Finally, the making-of trailer includes clips of high-definition (HD) footage from the Chimpanzee film: terrain, vegetation or animals. The latter is of higher quality than the behind-the-scenes footage and does not include any filmmakers, equipment or signs of civilization. This footage demonstrates the filmmakers' success on location at obtaining the shots needed for the film. As a result, these observations of nature ‘combin[e] performance and product’ (Secord, 2011, 440).

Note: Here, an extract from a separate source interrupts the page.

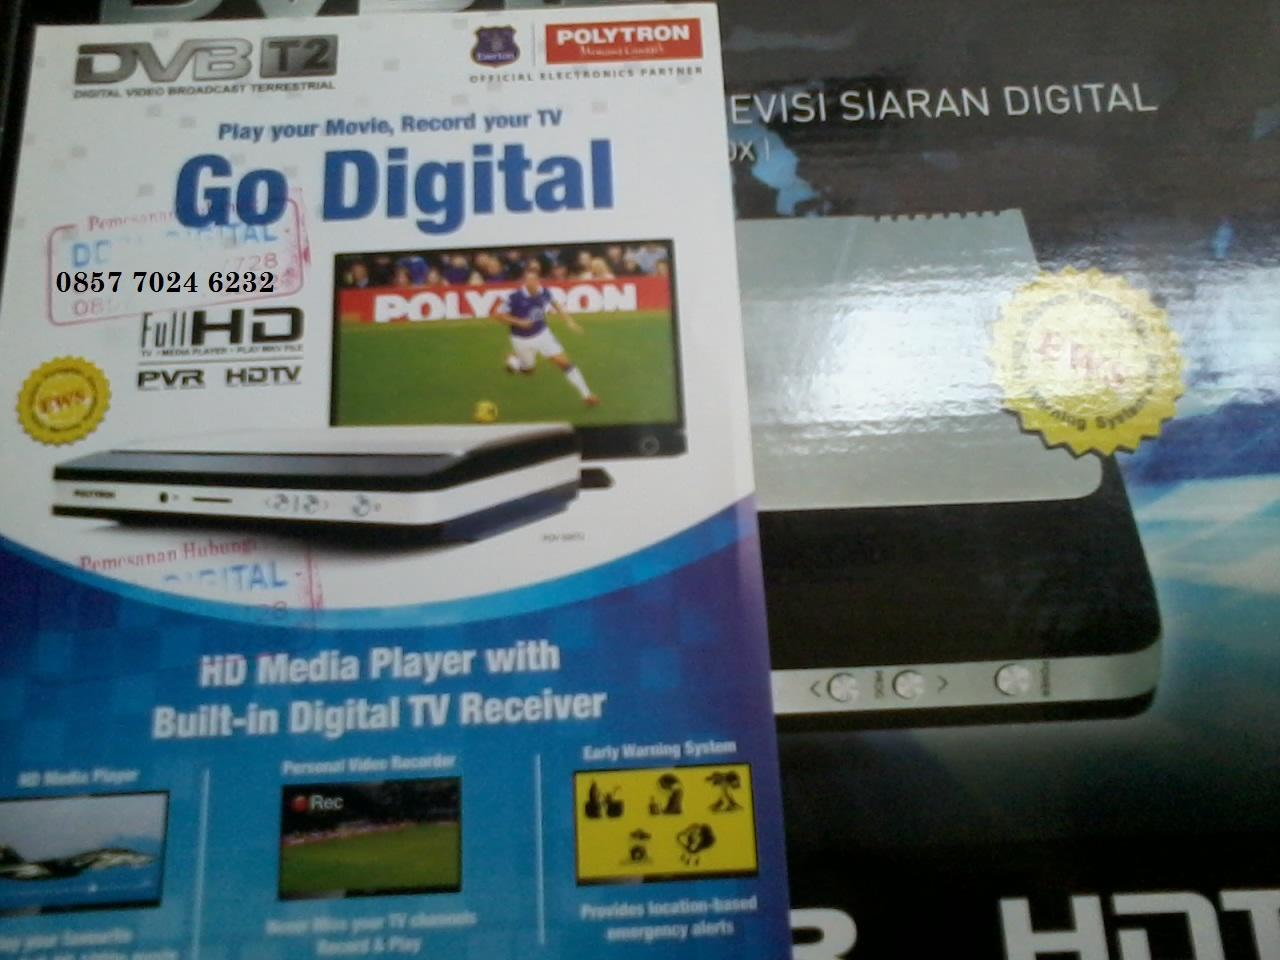 SET TOP BOX SIARAN TV DIGITAL TANPA SEMUT POLYTRON DVBT2 - COD TANGERANG & JAKARTA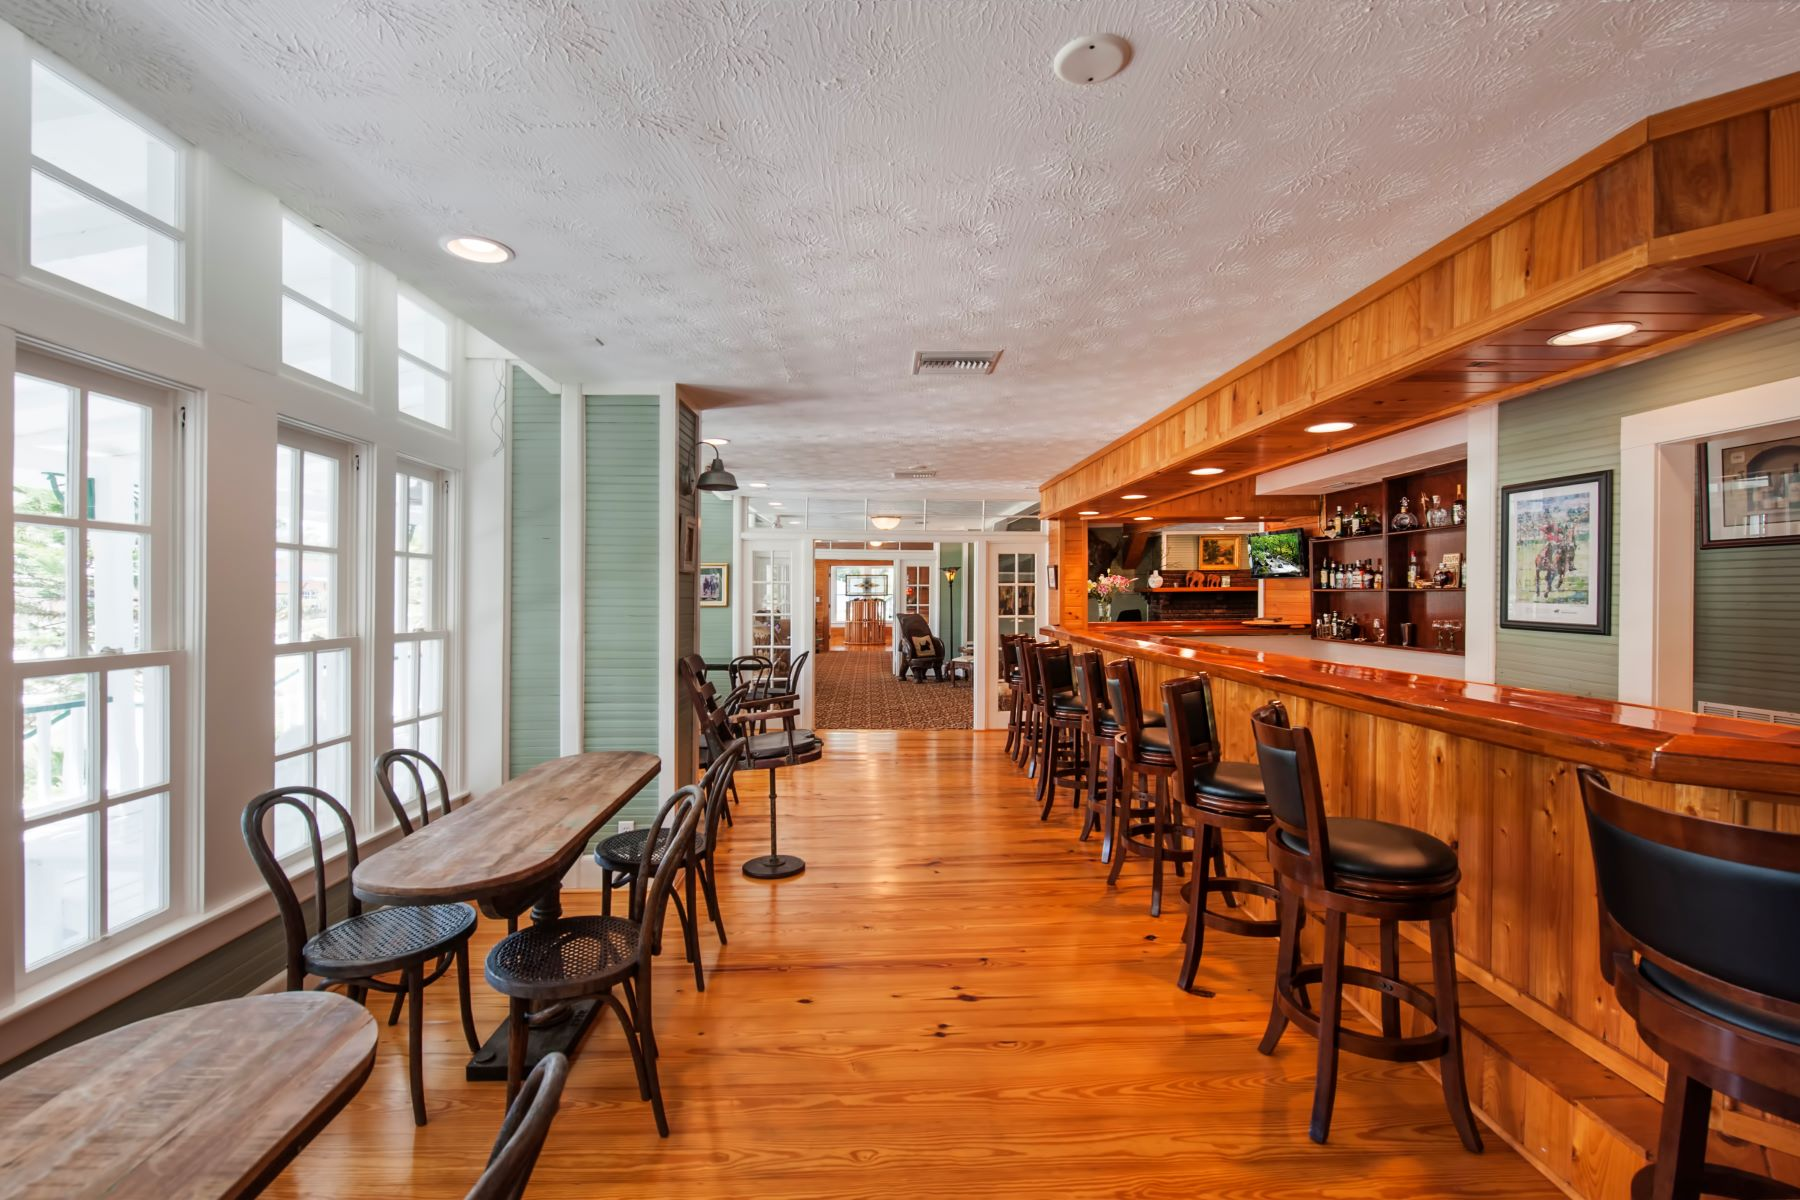 Additional photo for property listing at The Fellsmere Inn 107 N Broadway Street Fellsmere, Florida 32948 Hoa Kỳ

The three types of MOD footage in the Chimpanzee trailer work together to support the authenticity of the finished footage as well as reveal the labour and skill present in the human narratives but purified from the final blue-chip product. For example, in the segment explaining the canopy-cable apparatus, Fothergill and Reed each appear as talking heads describing the need to showcase the beauty of the rainforest and how the apparatus was built. Those descriptions are interspaced with behind-the-scenes footage of filmmakers and equipment on location as the camera moves on the cables (from below as it climbs the cable, moving on a lower-strung cable about 6 feet above ground level, and from the side moving horizontally on the cable at treetop height). Finally, the HD-quality footage filmed using the cable-canopy apparatus at the end of the segment demonstrates the successful visual results of the apparatus’ ‘specially designed cameras’: a smooth, unbroken shot of the forest canopy. Because the camera is moving within the forest canopy, not above it, this type of shot is visually distinct from other technologies employed in the blue-chip renaissance and publicized within its MODs: the HD-heligimbal setup of aerial helicopter footage from Planet Earth or the smooth vertical climbs of the cinebulle balloon camera technology from the 1990s (Louson, 2018). Knowing more about the canopy-cable apparatus, including the location-specific challenge it could solve, offers viewers a chance to appreciate the filmmakers' deployment of this technology as well as the apparatus' key role in the visual language of the finished film. The equipment and filmmaking techniques described within the MODs of the blue-chip renaissance serve the genre's aims; they help to acclimatize viewers to new incarnations of the camera as an objective lens for viewing nature, in the same way that the BBC Natural History Unit gradually acclimatized viewers to novel technologies such as time lapse and microphotography (Scott, 2003).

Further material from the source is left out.